Motivated by these challenges, and by the diagnostic demands highlighted during the COVID-19 pandemic, the research team set out to engineer a system that maintains bioluminescent benefits while eliminating its key drawbacks. Their solution is an enzyme cascade designed to both amplify the signal and extend its duration.
Inside the LUCAS System
At the core of LUCAS is a multi-step biochemical reaction that produces a significantly stronger and more stable light signal than conventional bioluminescent assays. The process begins with magnetic beads coated in capture antibodies, which bind to viruses present in patient samples such as serum or nasal swabs.
Once the virus is isolated, a second antibody, tagged with the enzyme β-galactosidase (GAL), attaches to the viral antigen. When a specific substrate is added, GAL converts it into a luciferin precursor.
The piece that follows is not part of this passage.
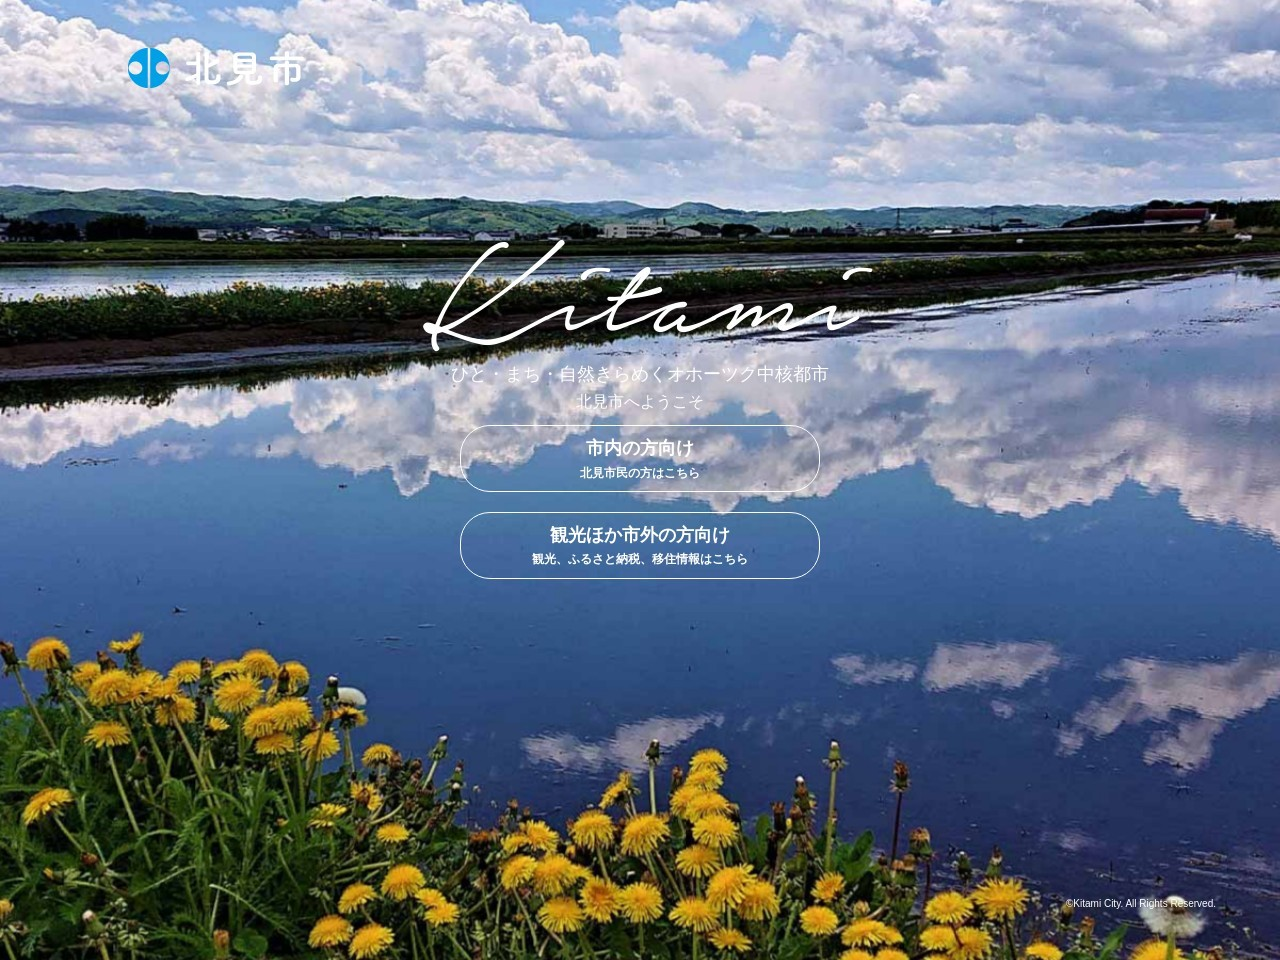 http://www.city.kitami.lg.jp/docs/2016101400036/
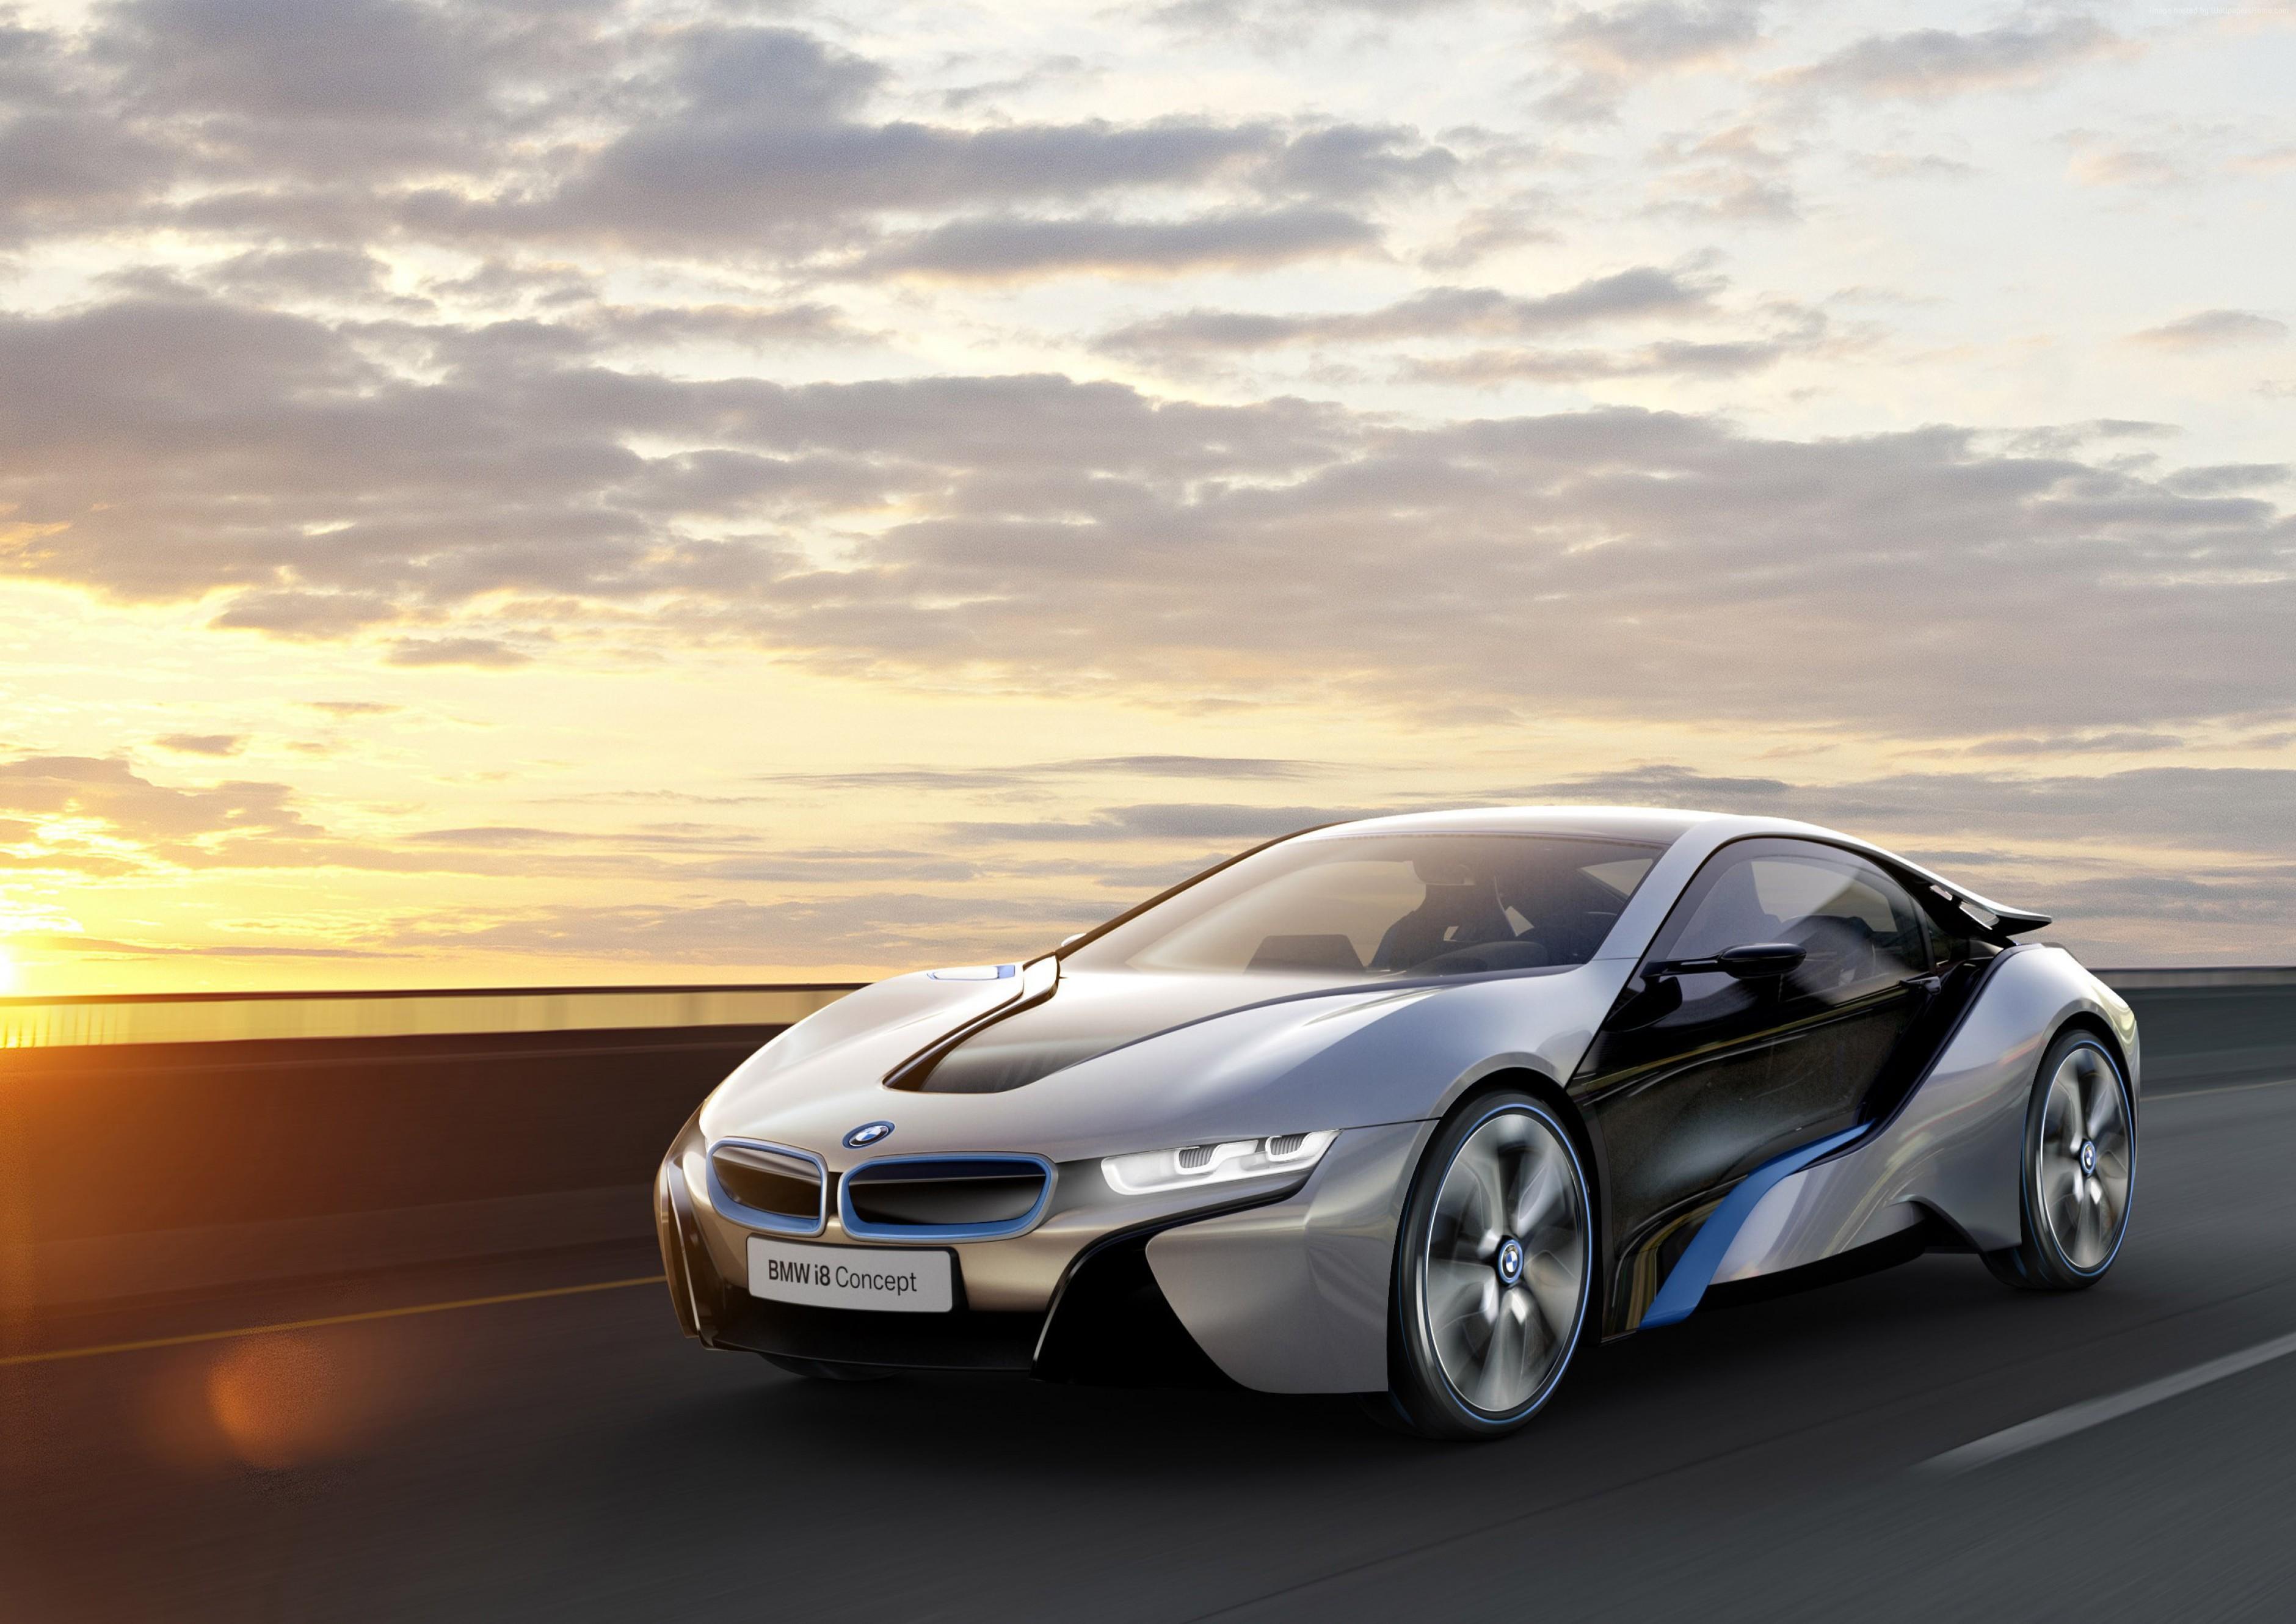 BMW sunset GT 4k carbon HD wallpaper Best Electric 3760x2659

This precursor is then transformed by firefly luciferase (Fluc) into visible light.
What sets this cascade apart is its ability to amplify the final signal while also prolonging its visibility. In contrast to conventional systems, where luminescence fades within minutes, LUCAS maintains a readable signal for over an hour, giving users a much wider and more forgiving time window for detection.
To make the assay practical for non-laboratory environments, the researchers developed a portable device that automates the entire process. It handles sample mixing, reagent delivery, incubation, washing, and signal detection, all coordinated through a smartphone app. A manual version was also created for early validation before transitioning to full automation.
Performance and Practicality
The system delivered an impressive 500-fold increase in signal intensity compared to traditional approaches, with the added benefit of long-lasting stability. It consistently detected viral loads as low as 119 copies per milliliter, which is especially valuable for identifying infections at early stages.
Clinical testing showed that LUCAS could accurately classify infected versus uninfected samples with over 94 % accuracy across a range of viruses. Importantly, the assay maintained strong specificity, avoiding cross-reactions between different pathogens.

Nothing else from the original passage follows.